Aaron T. Myers commented on HDFS-1594:
--------------------------------------

bq. I agree, should be pulled out to a separate jira.

Removed.

bq. Good idea, there's nothing edits specific here. Would need to add a test that if the admin does pass in the volume that hosts the edits log it doesn't conflict with the default behavior (eg double monitoring).

Done. I used a {{HashMap}} indexed by volume, and added tests to make sure we only check a single volume at most once.

bq.

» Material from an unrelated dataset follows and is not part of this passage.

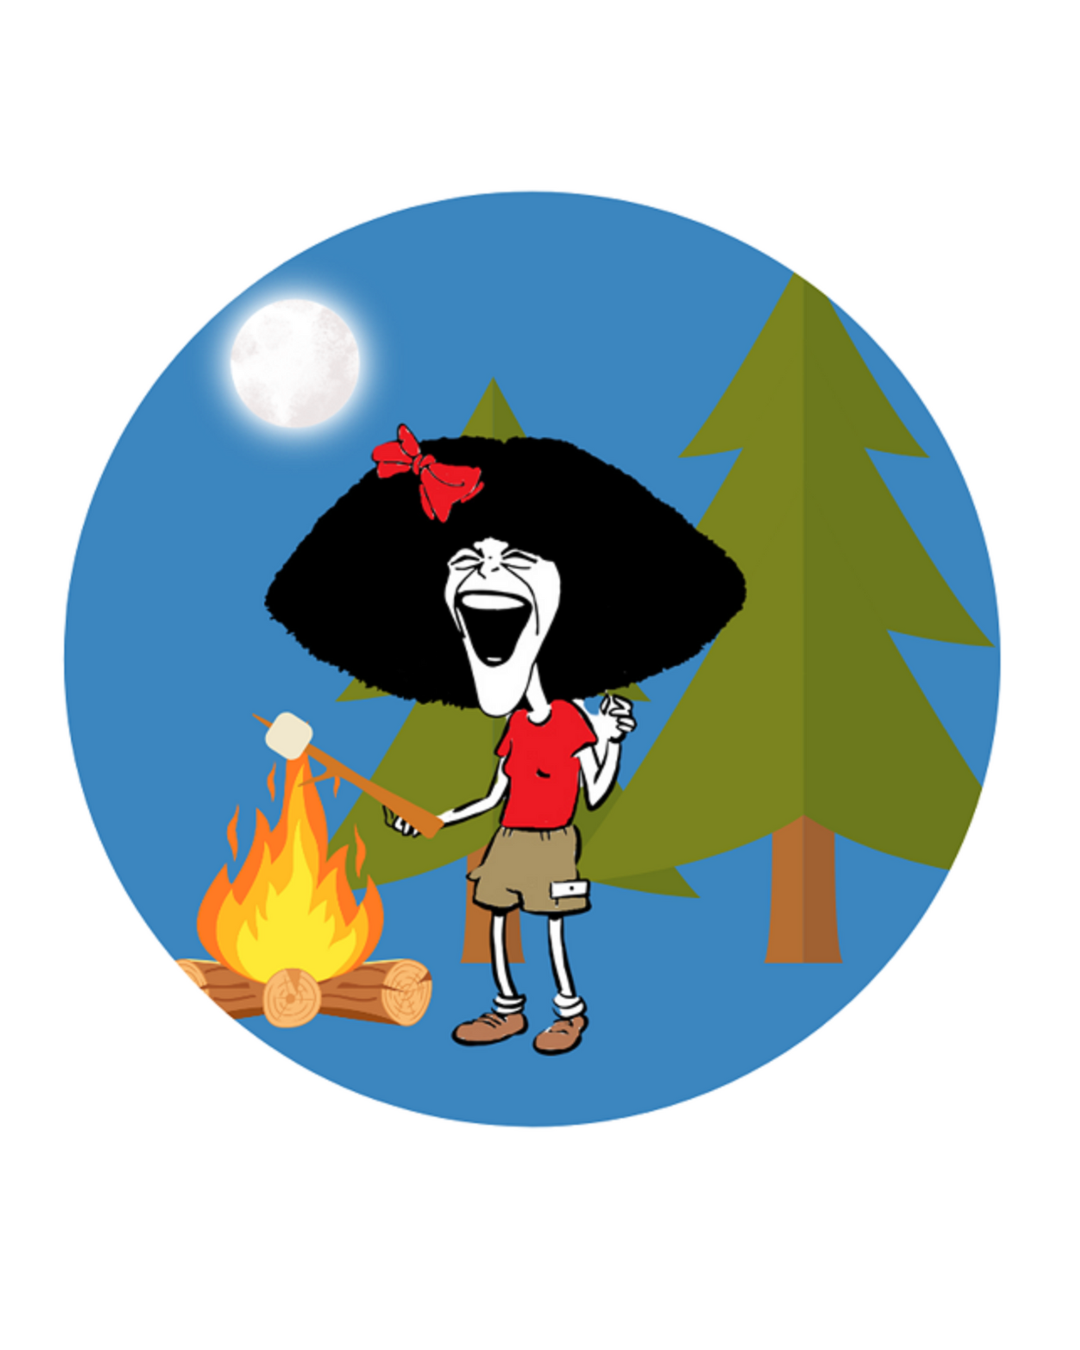 A cartoon of Gilda Radner roasting a marshmallow over a fire in front of 2 pine trees.

What's the intended behavior if there are n disks and one fills up before the others? Seems like this volume should be taken off-line and the NN does not enter SM.

I disagree. I think losing one of the (supposedly redundant) volumes is sufficient cause for alarm as to warrant the whole thing being put into SM.

bq. If there's just a global threshold would this cause the overall threshold to drop (because the removed volume's free space not longer counts towards the total), causing a cascade where the other volumes go off-line? This would suggest a threshold per volume. Though if we can make a single, simple threshold work that seems better from a usability perspective.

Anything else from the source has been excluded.